- Opening Delimiter -

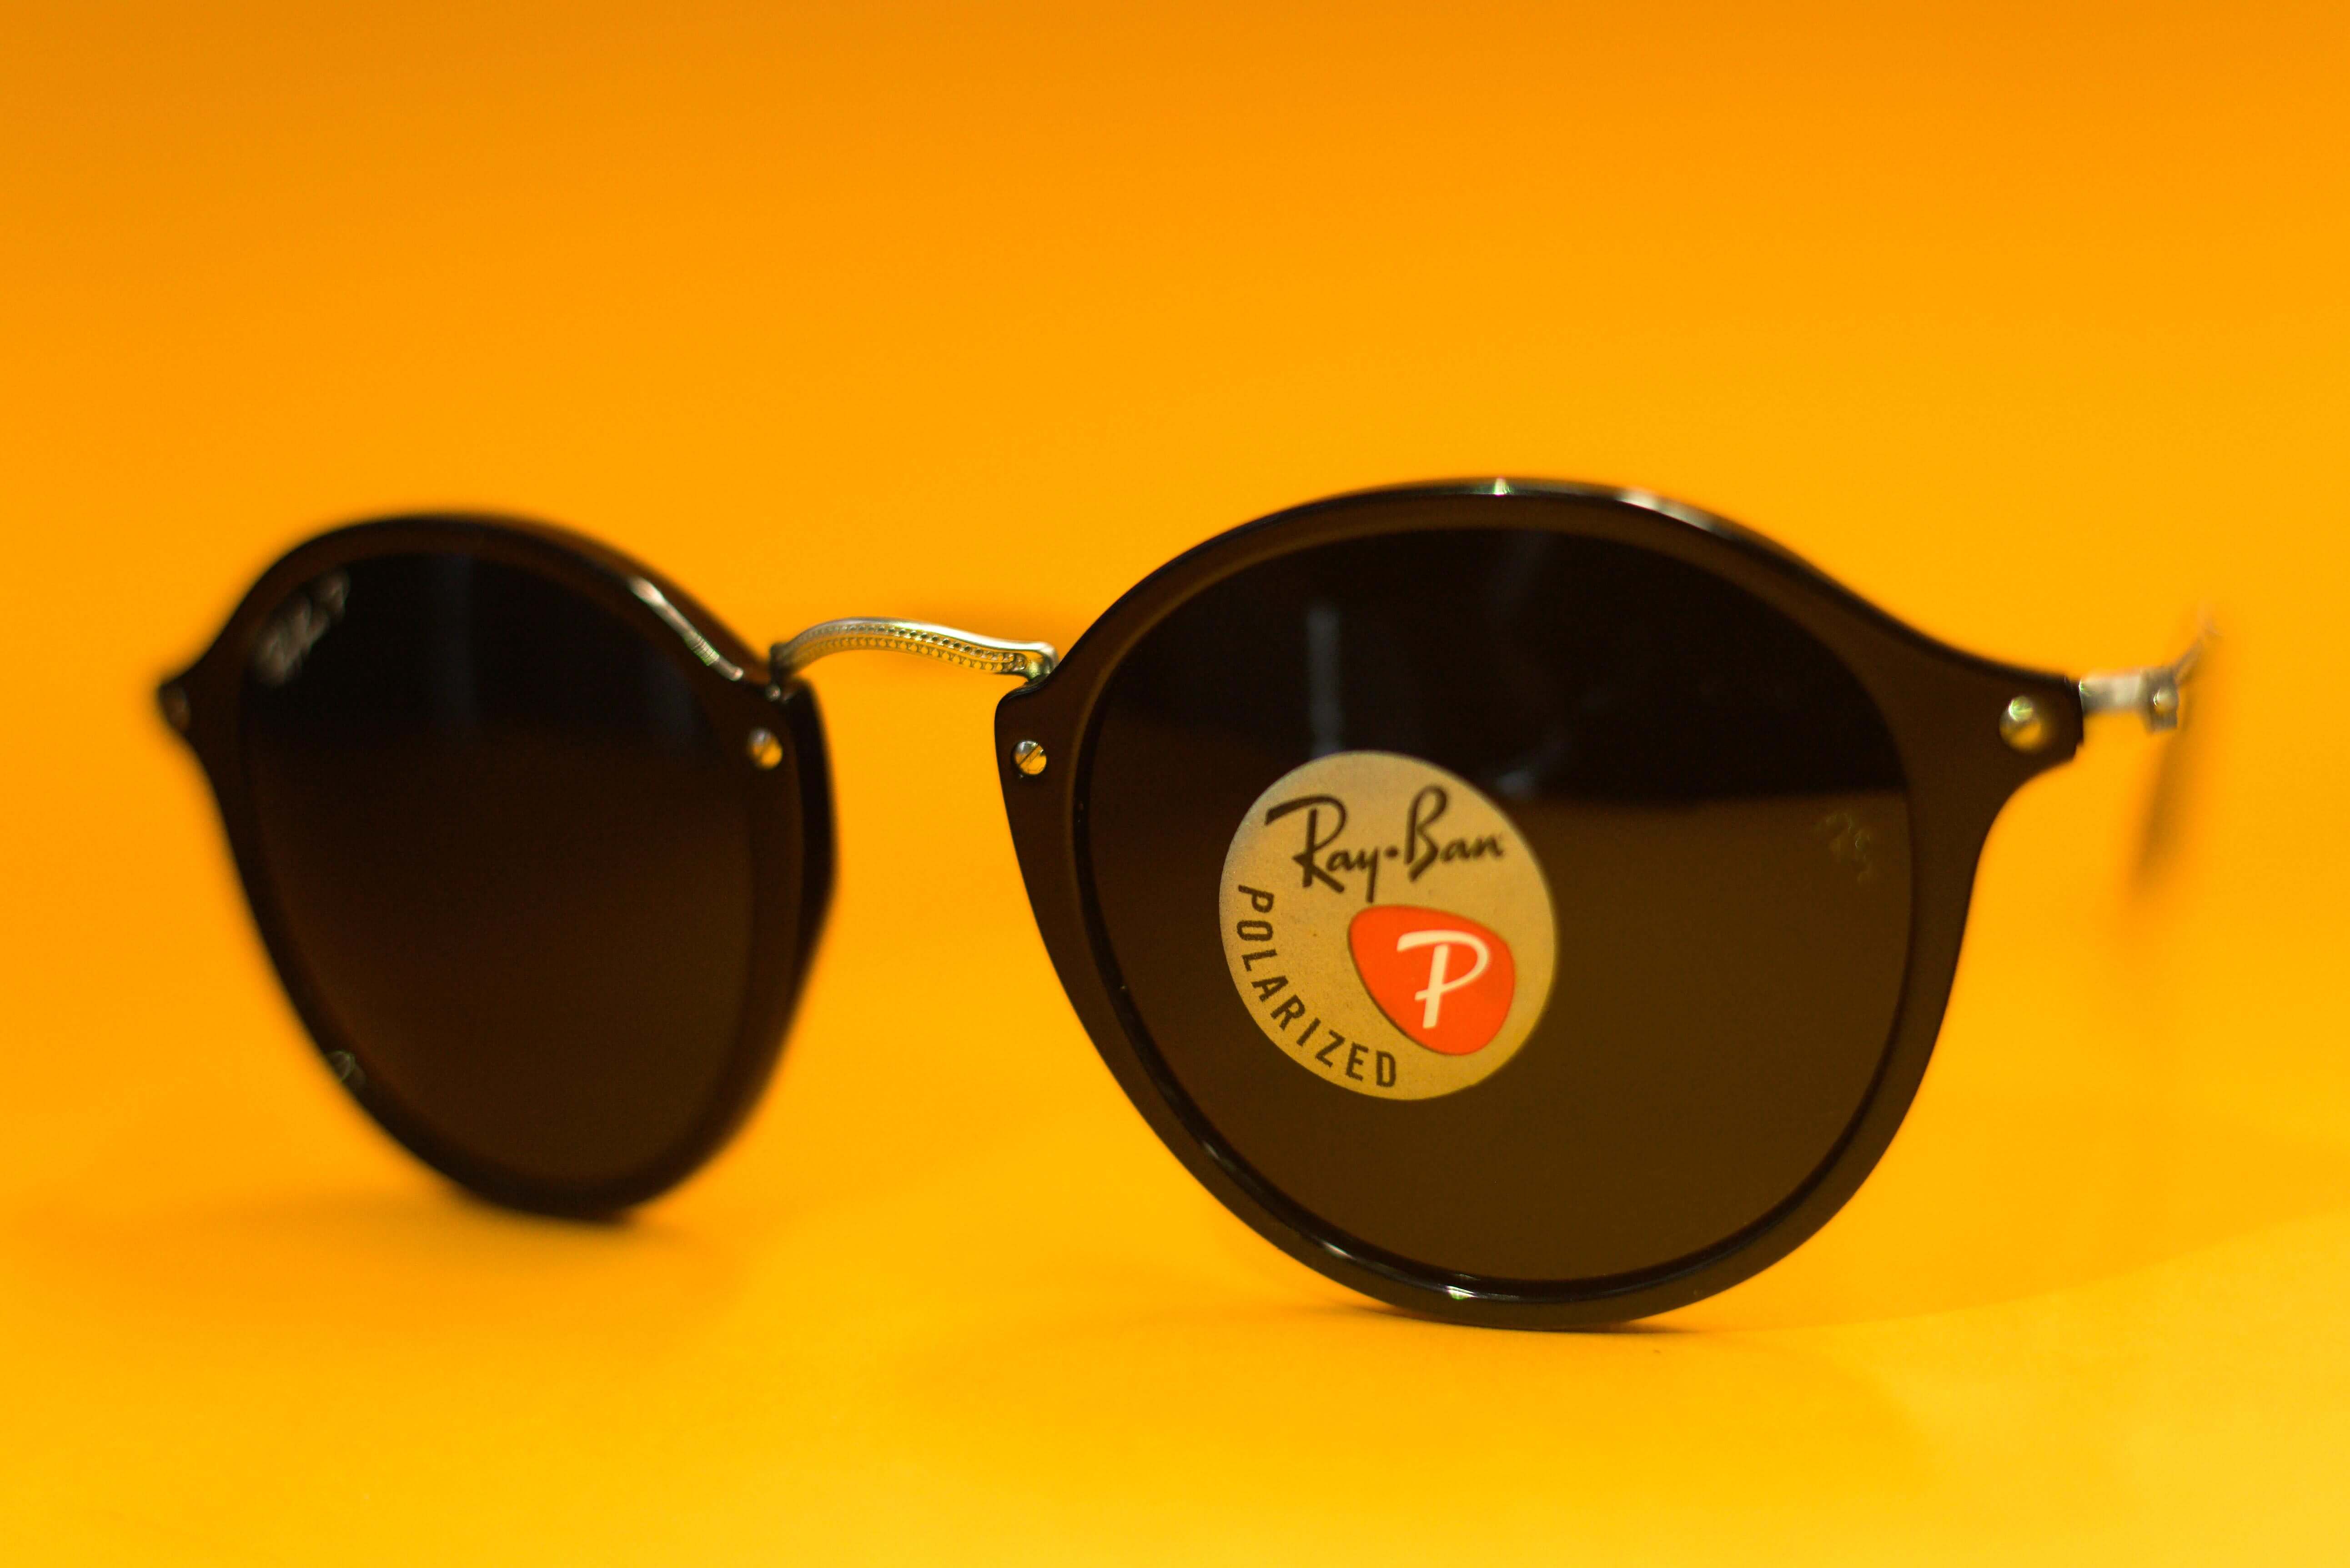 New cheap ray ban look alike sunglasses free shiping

- Closing Delimiter -
- Opening Delimiter -

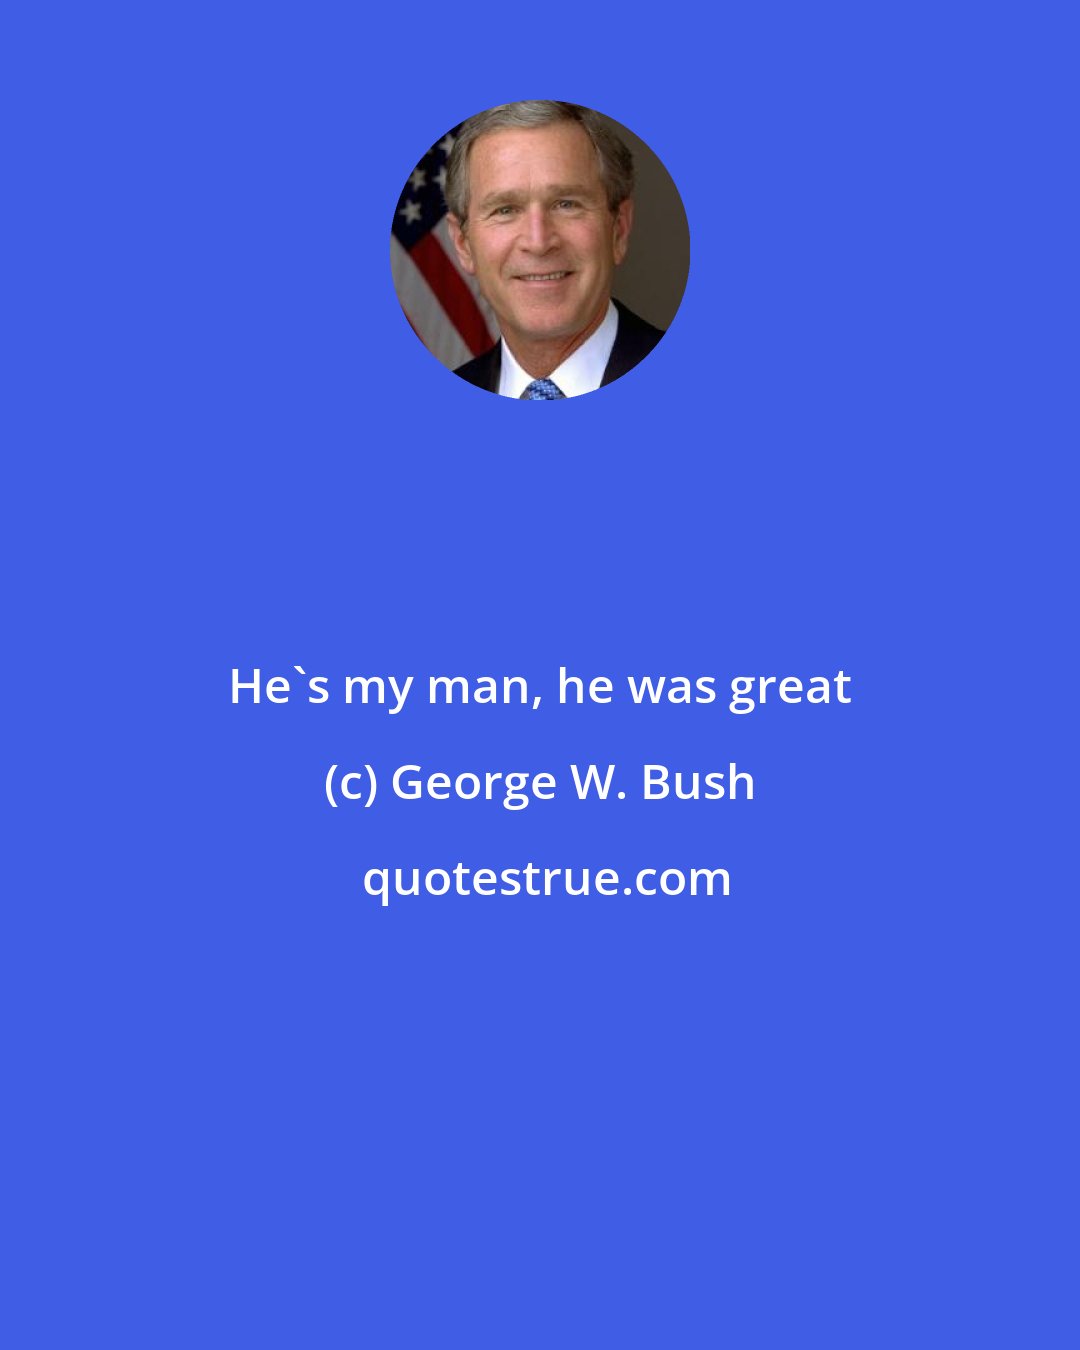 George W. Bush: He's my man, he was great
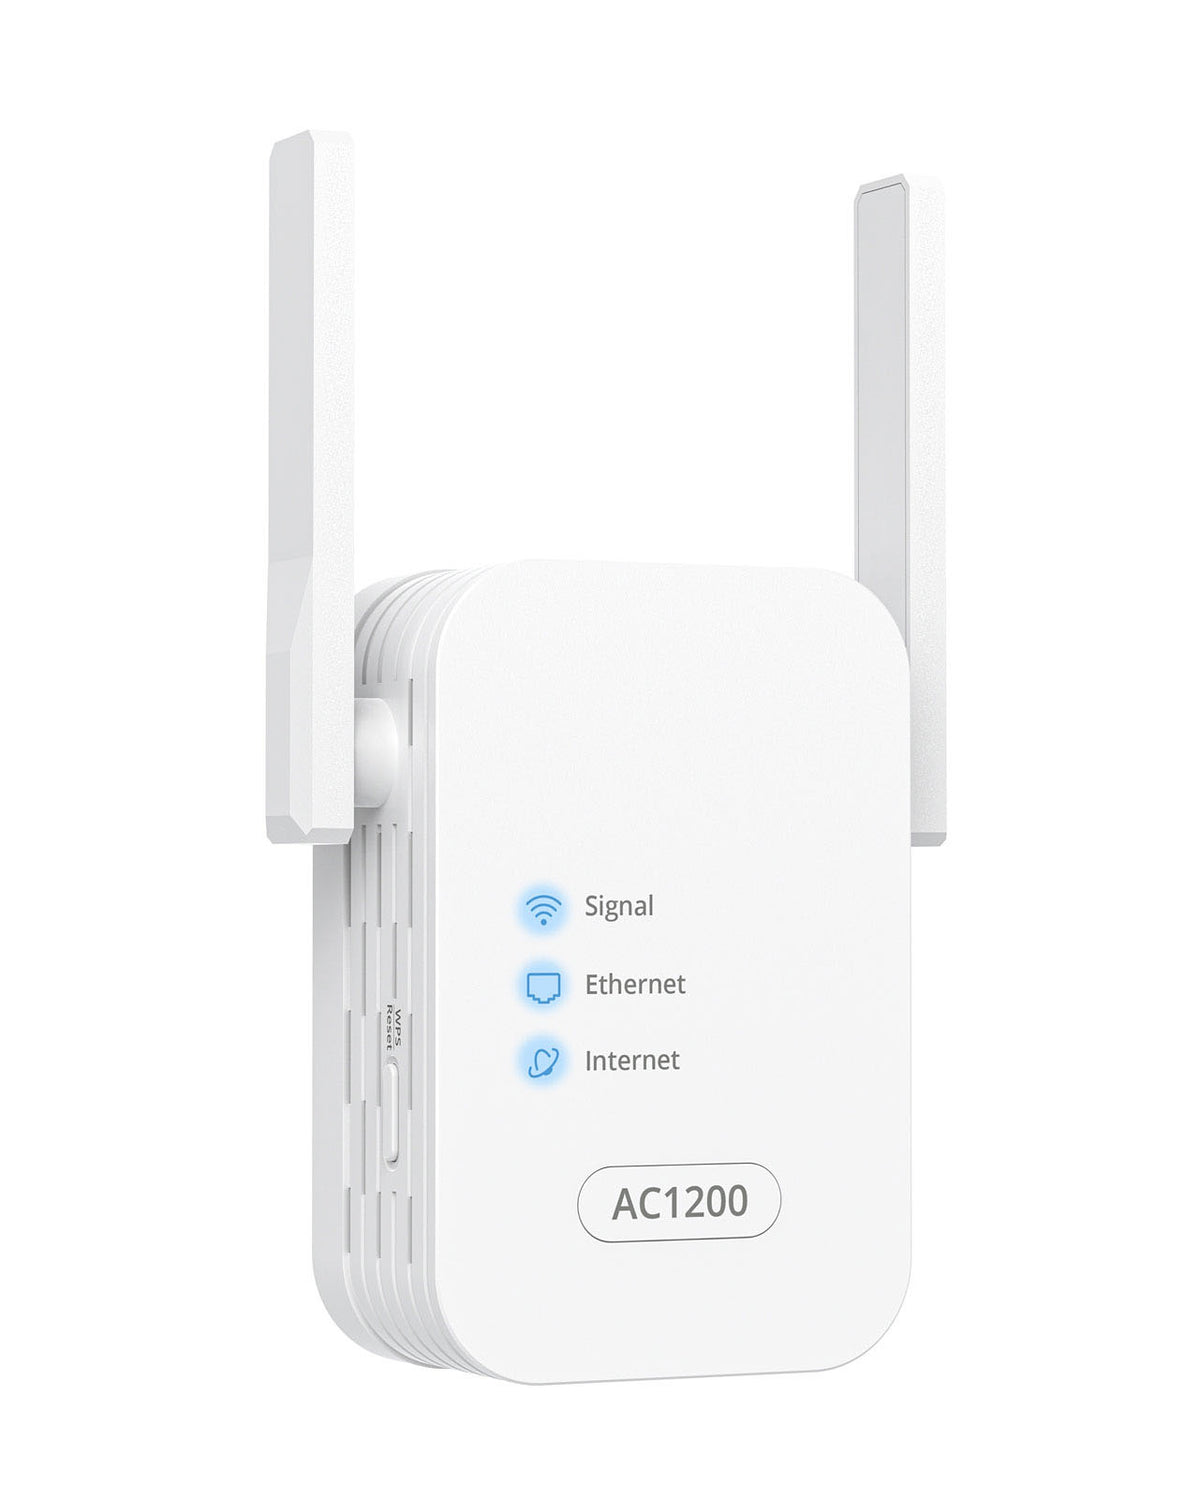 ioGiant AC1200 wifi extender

- Closing Delimiter -
- Opening Delimiter -

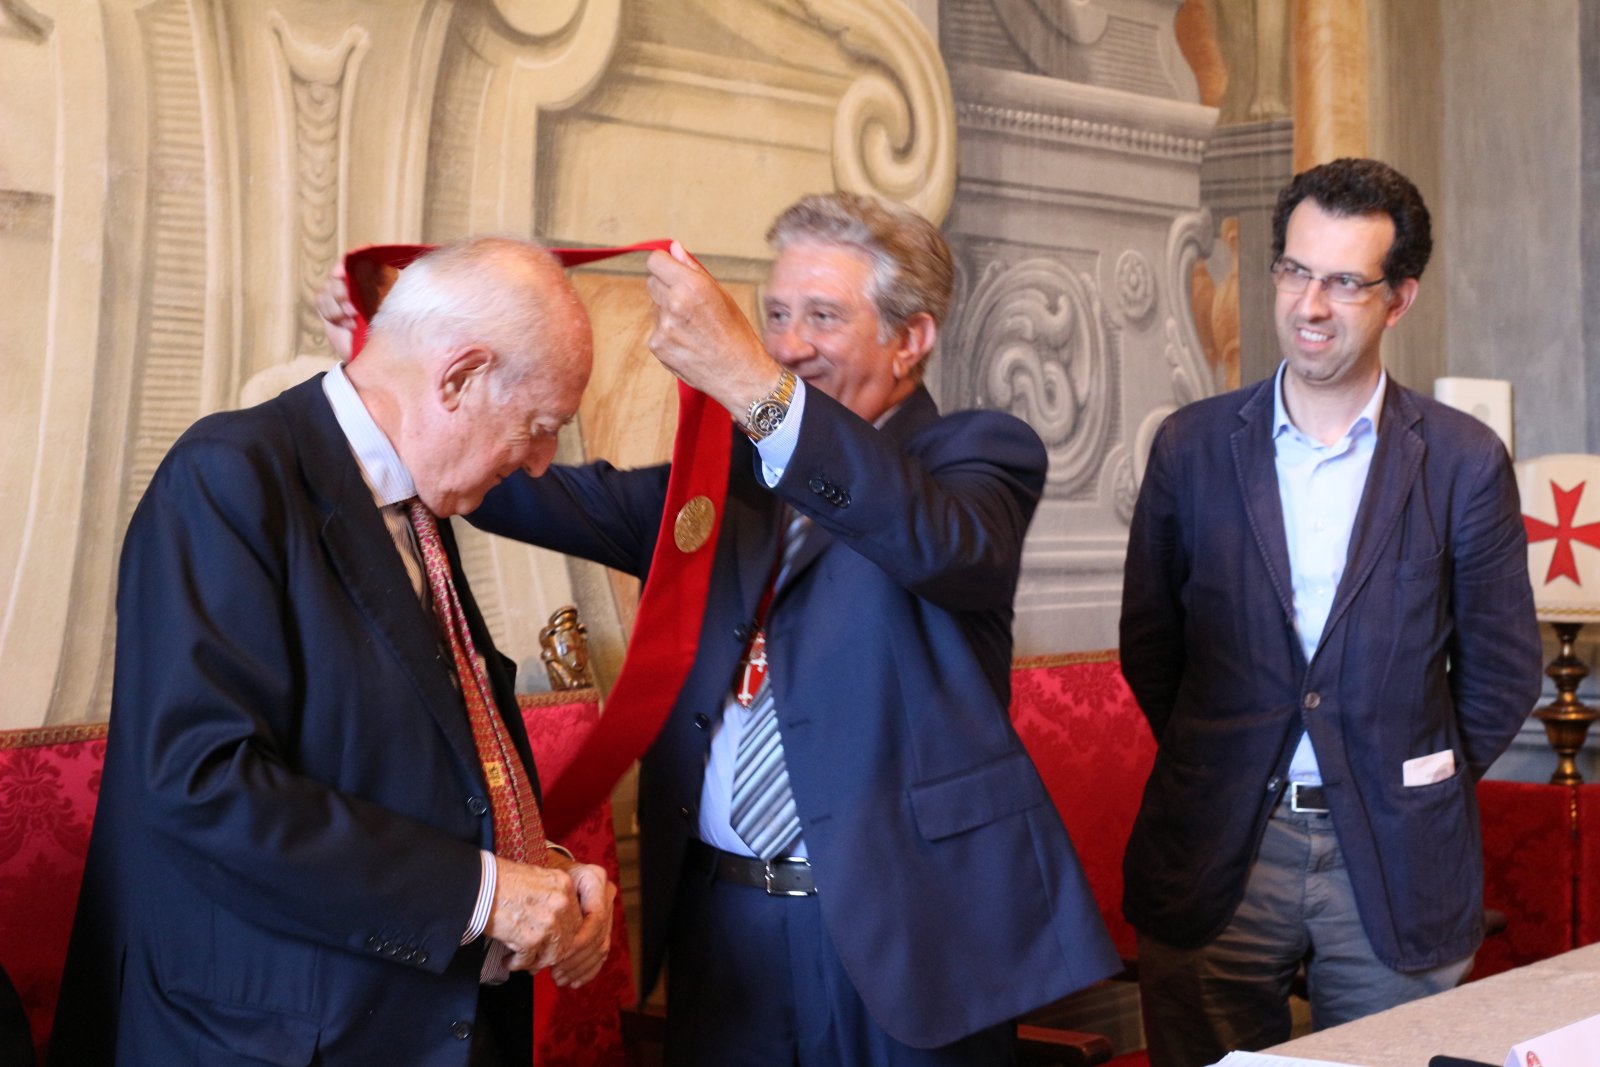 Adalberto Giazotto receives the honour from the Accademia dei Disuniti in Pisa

- Closing Delimiter -

Work request:
Print everything from the line with "George W. Bush: He's my man, he was great" down to the line with "ioGiant AC1200 wifi extender" in the entries above, both lines included and nothing more, without the pictures.

Written solution:
 George W. Bush: He's my man, he was great
 ioGiant AC1200 wifi extender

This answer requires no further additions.